Der Wetterbericht verspricht für heute nochmal einen letzten, sonnigen Hebst-Tag mit Temperaturen um die 20°C. Bereits morgen soll dann aber Schluß sein mit dem Altweibersommer und für das Wochenende sind sogar schon die ersten Schneefälle angekündigt. Klar, dass wir diese Chance noch einmal ergreifen um dem Belchen einen Besuch abstatten.

Als um Sieben der Wecker klingelt, zeigt das Thermometer in Waldau (Titisee-Neustadt) 5,6°C an. Eine angenehme Herbsttemperature also, auf knapp 1.000m Höhe. Noch immer herrscht leichter Fön-Einfluss, wodurch es oben „wärmer“ ist, als unten in den Tälern. Naja, zumindest um ein paar Grad.

Nachdem wir ein Vesper gerichtet und kräftig gefrühstückt haben, packen wir die Rucksäcke und fahren in Richtung Belchen.

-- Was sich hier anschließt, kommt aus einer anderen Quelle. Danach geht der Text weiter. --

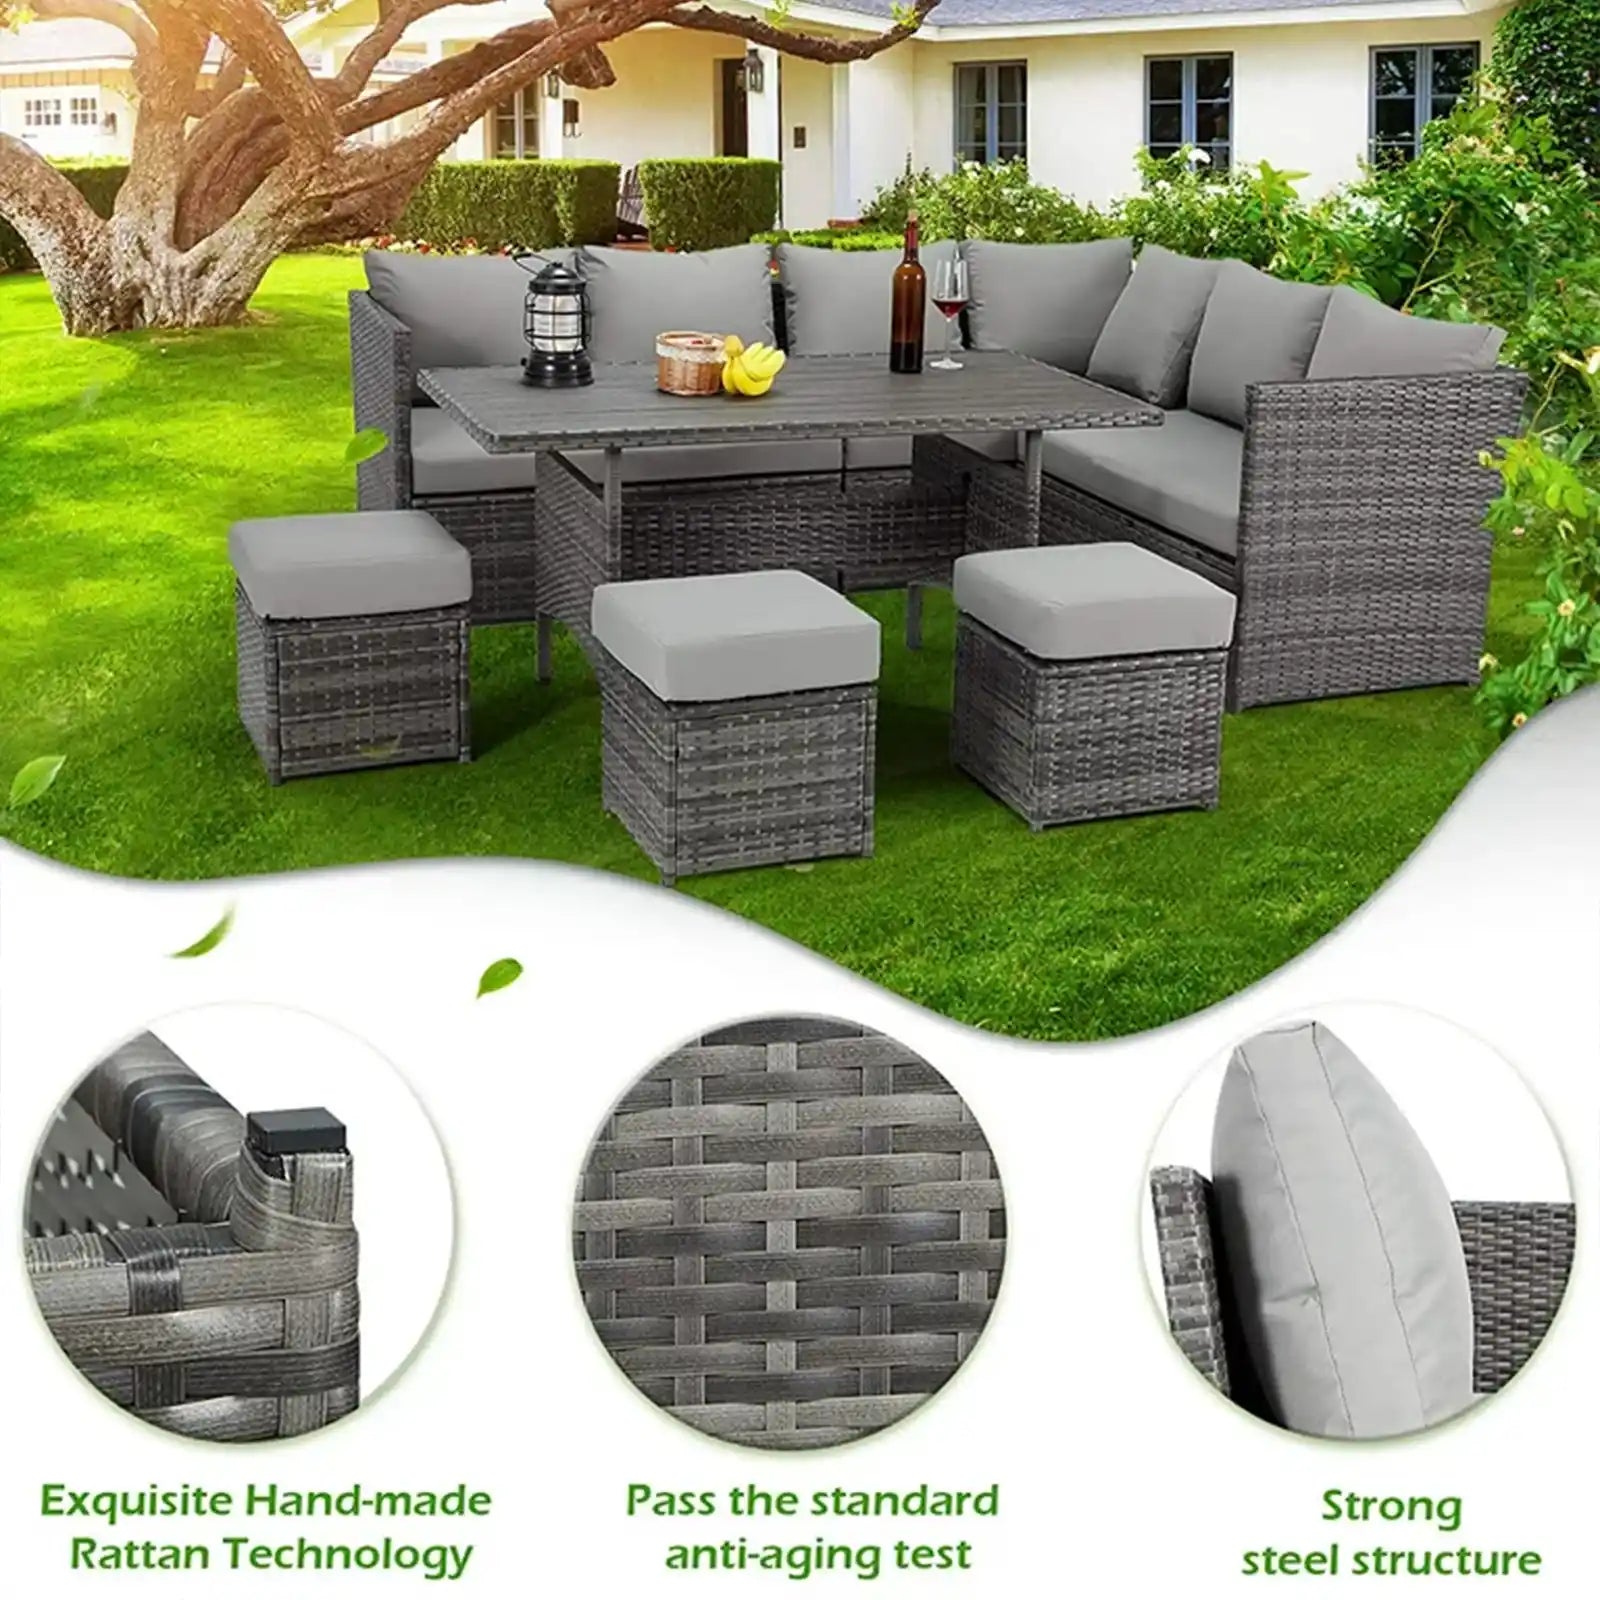 All-Weather Patio Dining Set with Protective Cover | Sturdy PE Rattan | High-Quality Cushions | Perfect for Outdoor Gatherings in the USA

Es geht über Neustadt, vorbei am Titisee und über den Feldbergpass, dann wieder hinunter ins Wiesental. Von dort aus wieder hinauf, zum Belchen.
In den Tälern ist es bereits ungemütlich kalt und neblig, in Neustadt hat es sogar nur noch +1°C. Am Feldbergpass dann aber schon wieder +9°C und an der Talstation der Belchen-Seilbahn sogar ganze +13°C.
Der kostenlose Parkplatz am Jägerstüble ist um diese Zeit völlig leer. Es ist also noch ruhig am Berg und entspechend aufgehellt ist auch unsere Stimmung. Nachdem die Stiefel geschnürt sind, werfe ich mir gutgelaunt den Rucksack mit der Fotoausrüstung auf den Rücken und starte die Track-Aufzeichnung des Garmin. Dann ziehen wir unter der Seilbahn hindurch aufwärts.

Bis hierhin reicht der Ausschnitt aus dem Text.